Llevaba un gran paraguas color granate que
había tomado prestado en su oficina. Aun así, la fina lluvia empapaba los bajos
de su blanco y abrigado gabán de paño que dejaba entrever, bajo las rodillas, unas
tupidas medias combinadas con unos zapatos negros de tacón no excesivamente
alto, aunque lo suficiente como para hacer que el ritmo apresurado que llevaba,
con el que pretendía evitar seguir mojándose y llegar a su edificio lo antes
posible, la hiciesen parecer torpe en sus movimientos. Nada más lejos de la
realidad. En el soportal de entrada un conserje abnegado se preocupaba de que
nadie perdiese un segundo abriendo la puerta para acceder al interior.
-Buenos
días señorita.
-Gracias
-masculló ella, acelerando el paso al tiempo que cerraba el paraguas.
Se encaminó por el vestíbulo de entrada hacia los
ascensores dando saltitos, intentando desprenderse así de las gotas de agua que
se habían prendido de su abrigo. Las puertas de uno de los elevadores estaban cerrándose.
El cartel de “No funciona” seguía pegado con alguna nota a bolígrafo de algo
desagradable en el otro ascensor.
- Por
favor… Espere –gritó con
desesperación. El día había sido muy largo, demasiado trabajo, la presión de
los jefes, el aumento necesario de las ventas para justificar los gastos de la
oficina y, para rematar, una acalorada y vehemente discusión con un compañero
de sección de la que aún se preguntaba el motivo. Lo último que necesitaba era
perder el ascensor que la llevaría directamente a su bañera llena de agua
caliente, acompañada de una música tranquila y, quien sabe, tal vez una copa de
vino. De ahí a la cama y, con suerte, hasta el lunes sin salir de casa y con el
teléfono, el maldito teléfono, desconectado durante todo el fin de semana-. Es viernes, por dios –no pudo dejar de
pensarlo durante todo el trayecto a casa-. Necesito
descansar.
Una mano sujetó con firmeza la puerta en el
último instante reabriéndola y permitiéndola entrar.
-Al
quinto, ¿verdad? –esa fue la primera frase que oyó de su compañero de
ascensión, sin ni siquiera darle tiempo para darle las gracias.
-Sí –respondió
ella con un tono demasiado cortante a la par que extrañado, especialmente teniendo
en cuenta que acababan de hacerle un favor. Pensó por un instante en
preguntarle cómo sabía cuál era su planta, pero lo último que le apetecía era
entablar una conversación anodina con un extraño. Aún así no pudo evitar
mirarle de reojo mientras se colocaba en la parte trasera del ascensor, lo más
alejado posible de la puerta, dejándole justo por delante de ella. Desde ahí le
reconoció, era un vecino, lo había visto algunas veces entrando o saliendo del
edificio. Antes, ya se había fijado en él, tal y como él, antes, se había
fijado en ella, pero el azar no había querido facilitar su encuentro y la
vergüenza de ambos había impedido esa iniciativa. Estaba segura de que también
vivía allí. Tal vez en la misma planta, pero al mirar la botonera comprobó que
estaba pulsado el botón del siete-. Gracias.

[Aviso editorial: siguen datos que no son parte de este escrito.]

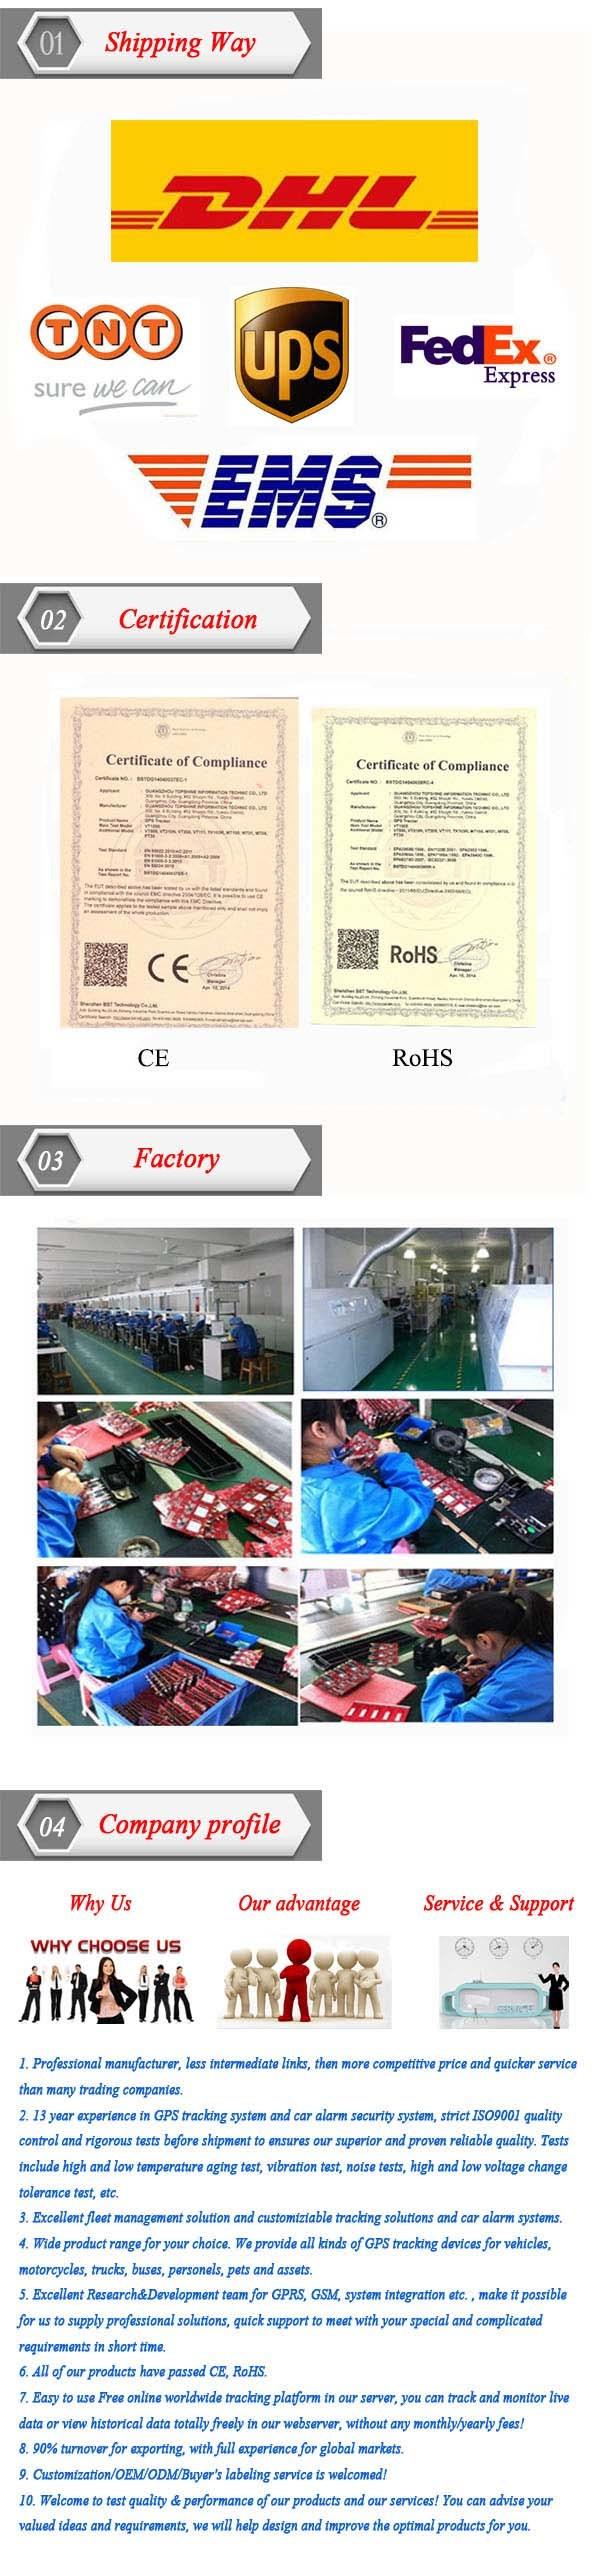 Quectel Company
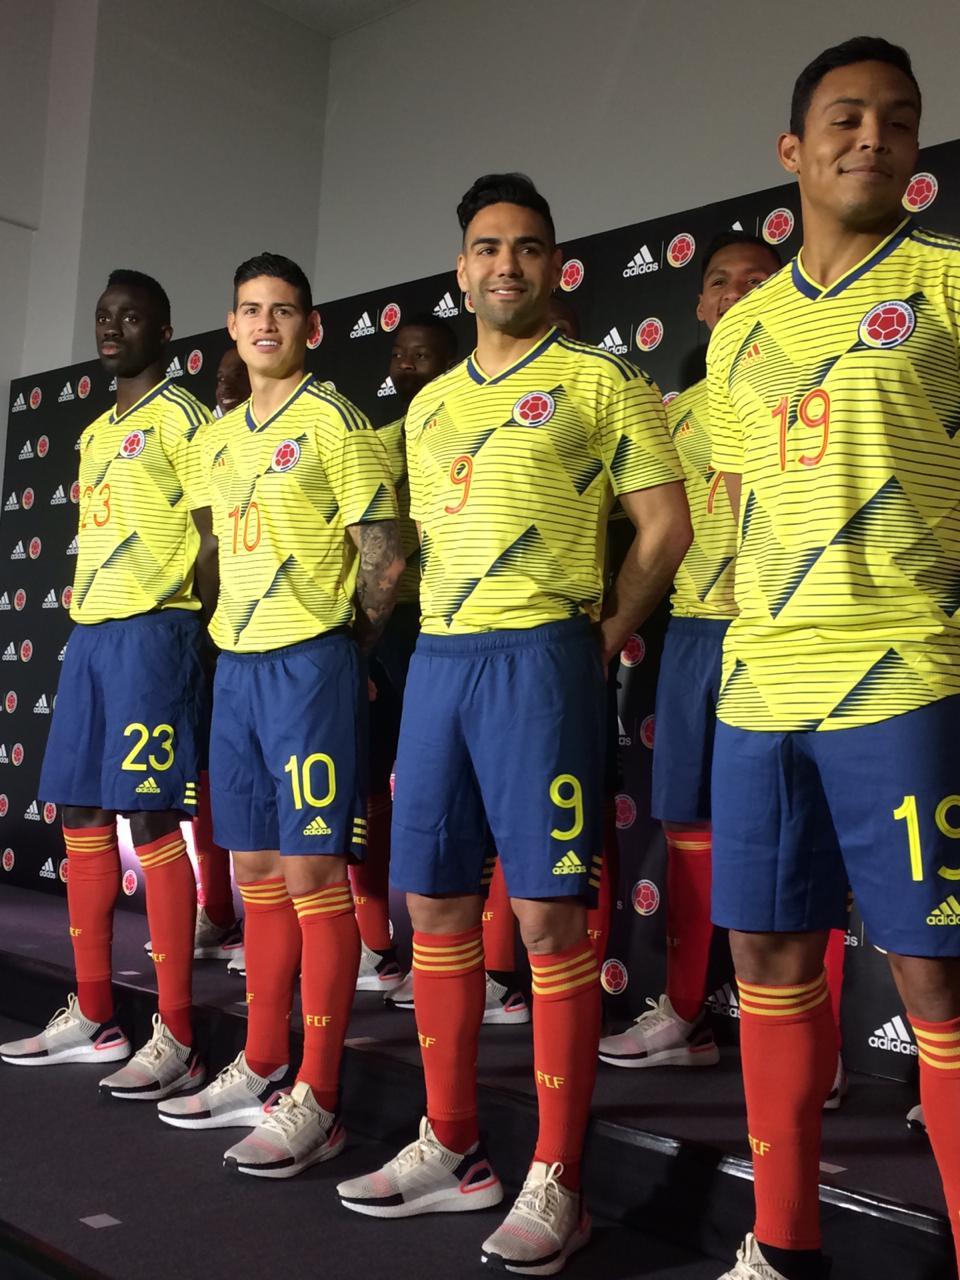 Minimizar Política Trastorno  Selección Colombia presentó su nueva camiseta - Eje21

Tendré que subir contigo al séptimo. –Un poco de amabilidad tampoco estaba
de más, pensó, y, al mismo tiempo dejaba entrever que ella también sabía algo
de él.
-Me temo
que sí. No creo que este ascensor tenga memoria –dijo él, girando levemente
la cabeza hacia atrás. No había llegado a verle totalmente la cara a pesar del
movimiento, apenas percibió un esbozo de su perfil.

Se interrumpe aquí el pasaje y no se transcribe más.